Primo, che un partito possa vincere anche perché una parte dell’elettorato altrui decida di votarlo è cosa così normale da rasentare la banalità, e non si capisce perché un candidato non debba appunto appellarsi agli “elettori hanno sbagliato” (per così dire) senza che questo provochi un dibattito pallosissimo e infinito.
Secondo, ogni tanto occorre che qualcuno si assuma le proprie responsabilità. Se il voto è libero e segreto, non si può pensare che andare a votare per le primarie di un partito sia un gesto totalmente anonimo, proprio perché si decide di partecipare a una decisione di una parte, non di votare per una istituzione.
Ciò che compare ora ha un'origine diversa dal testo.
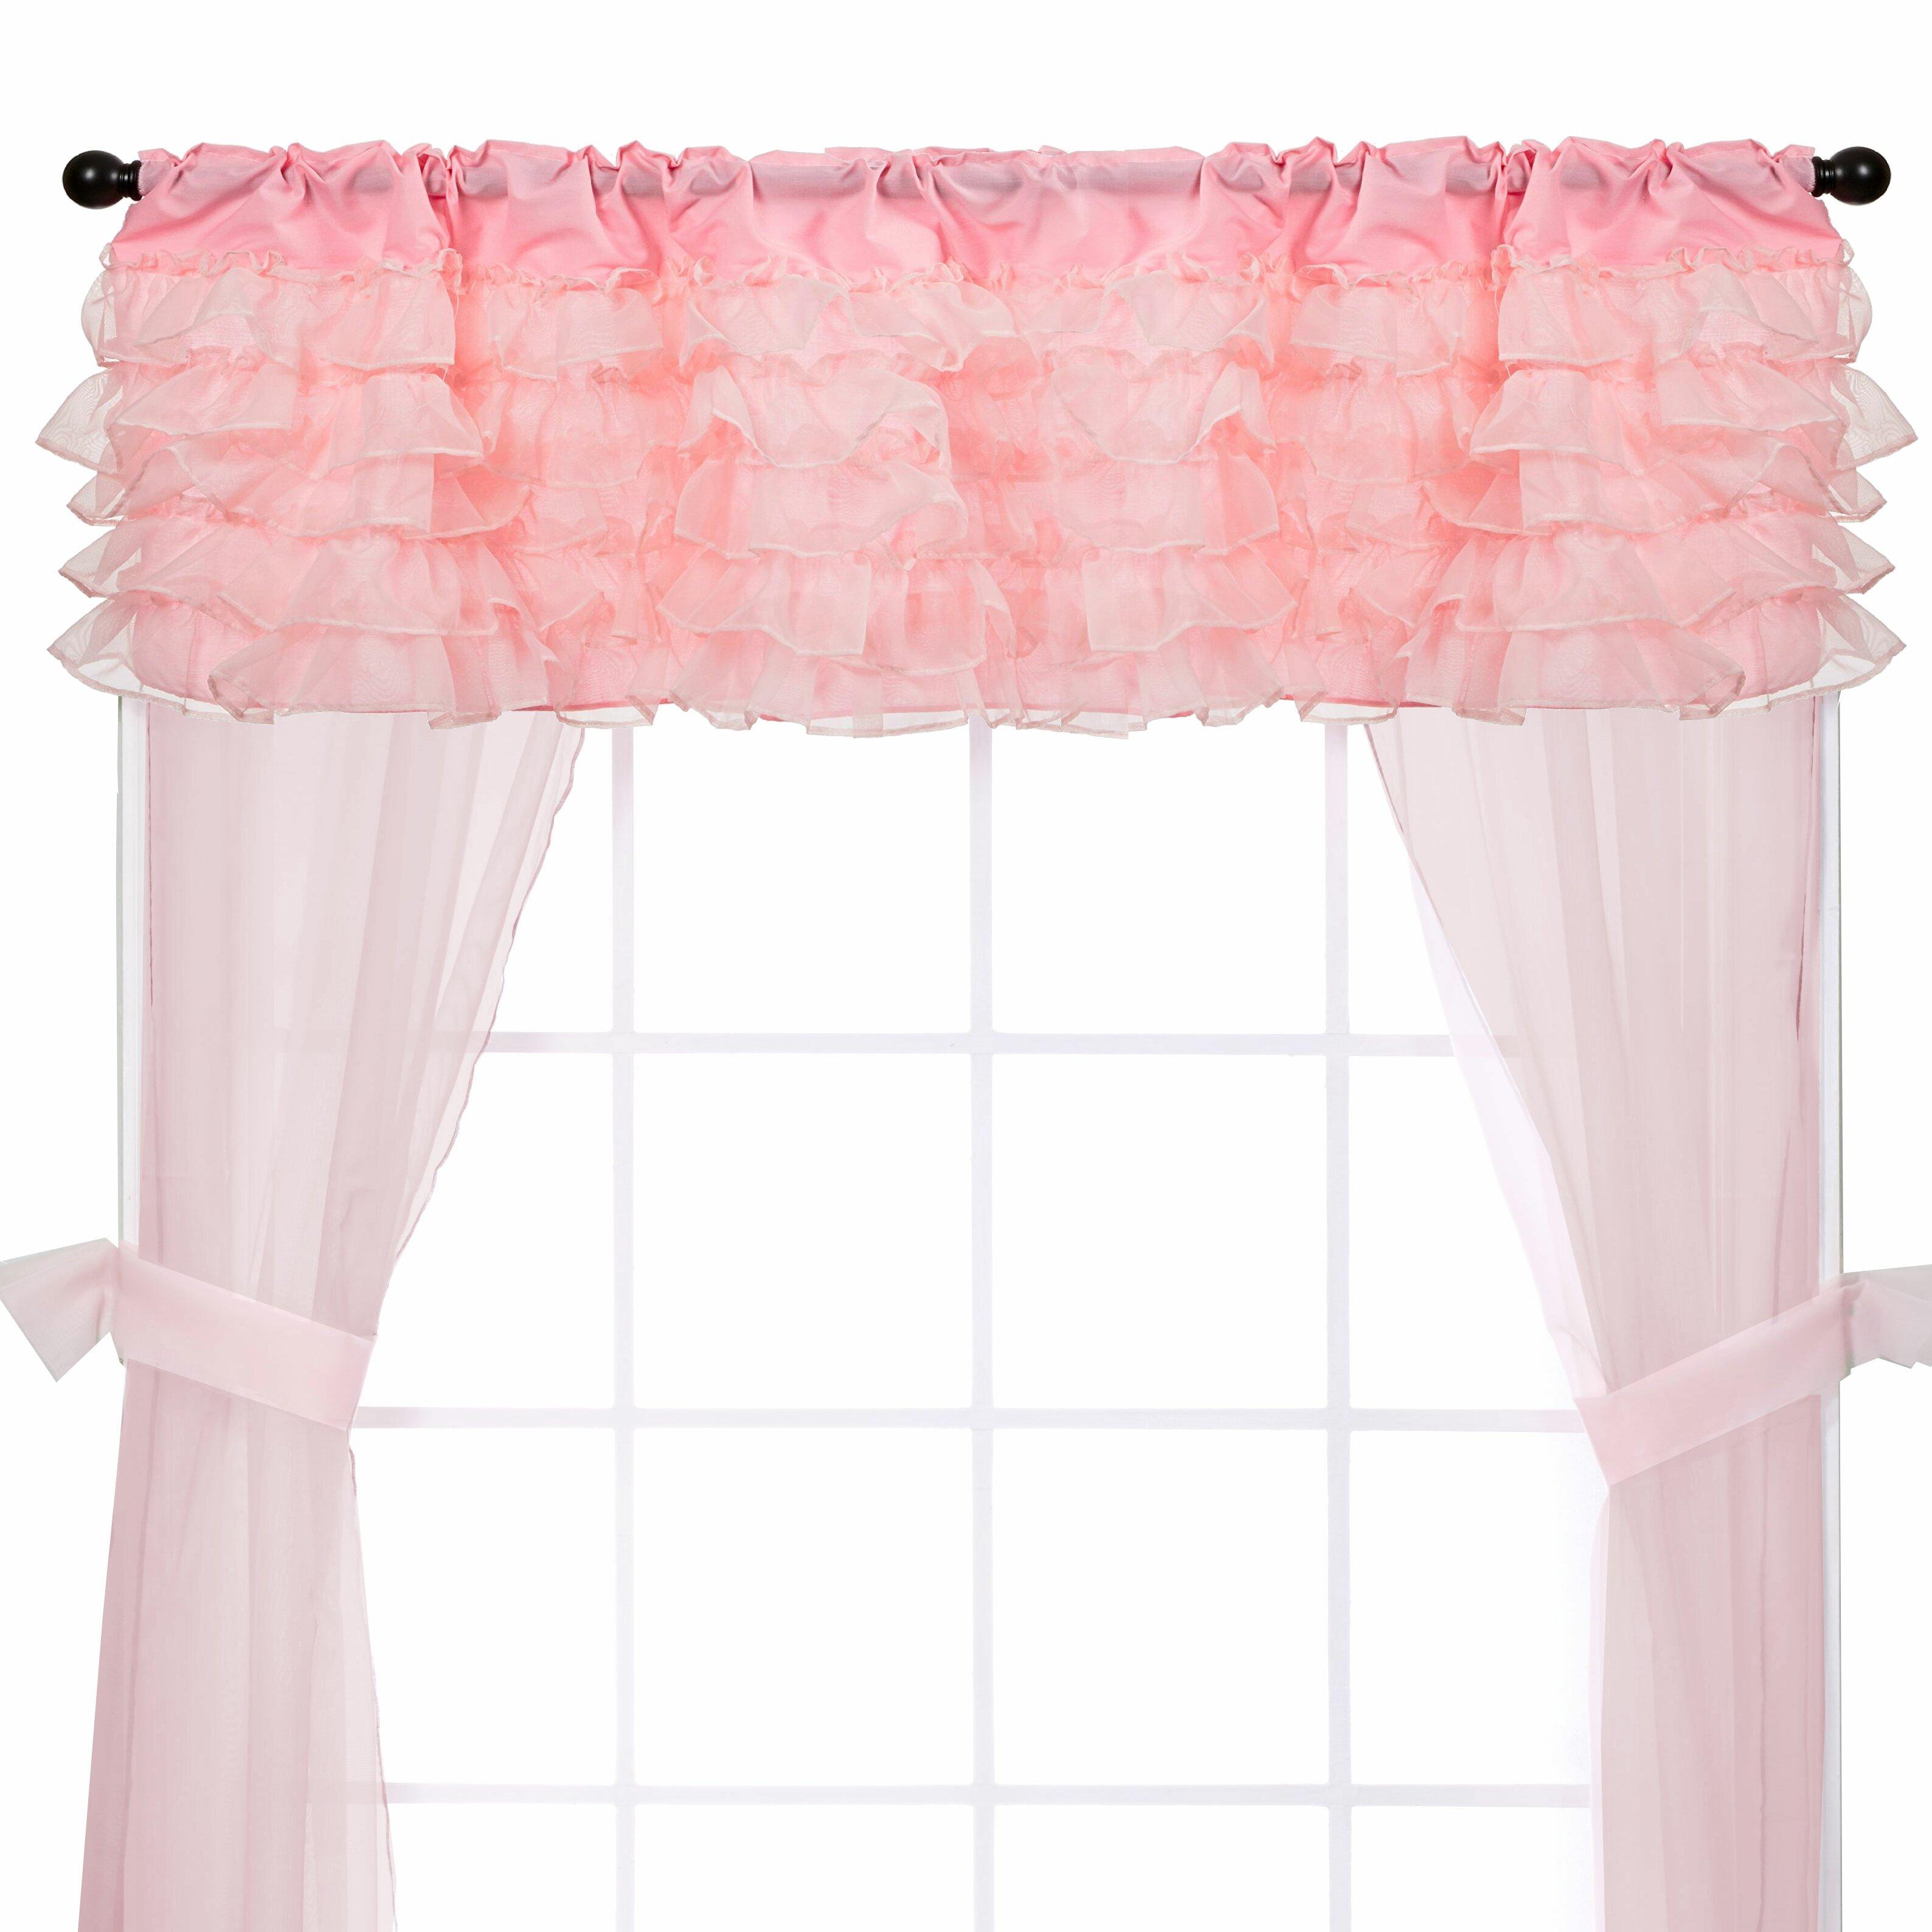 BabyDoll Bedding 72quot Curtain Valance Wayfair : Baby Doll Bedding 72 Curtain Valance from www.wayfair.com size 3177 x 3177 jpeg 472kB

Quindi è normale chiedere a un aspirante elettore i propri dati, e anche mettere questi dati in un registro pubblico (nei paesi dove le primarie sono codificate esiste spesso anche un registro degli elettori a cui iscriversi prima del voto).
Il che poi ovviamente non esclude ripensamenti né il voto alle elezioni per un altro partito, comunque.
Terzo, il vero casino a cui il Pd dovrebbe mettere mano è quello del voto per le cariche di partito, che invece dovrebbe essere lasciato solo a chi è iscritto.
Non si capisce altrimenti per quale motivo un militante di partito abbia paradossalmente meno diritti di un simpatizzante o comunque di una persone non iscritta, che può anche stare in panciolle tutto l’anno e poi però contribuisce a decidere chi è che dà la linea al partito.
Il simpatizzante può invece giustamente andare a votare alle primarie per i vari candidati del partito – o della coalizione – nelle istituzioni.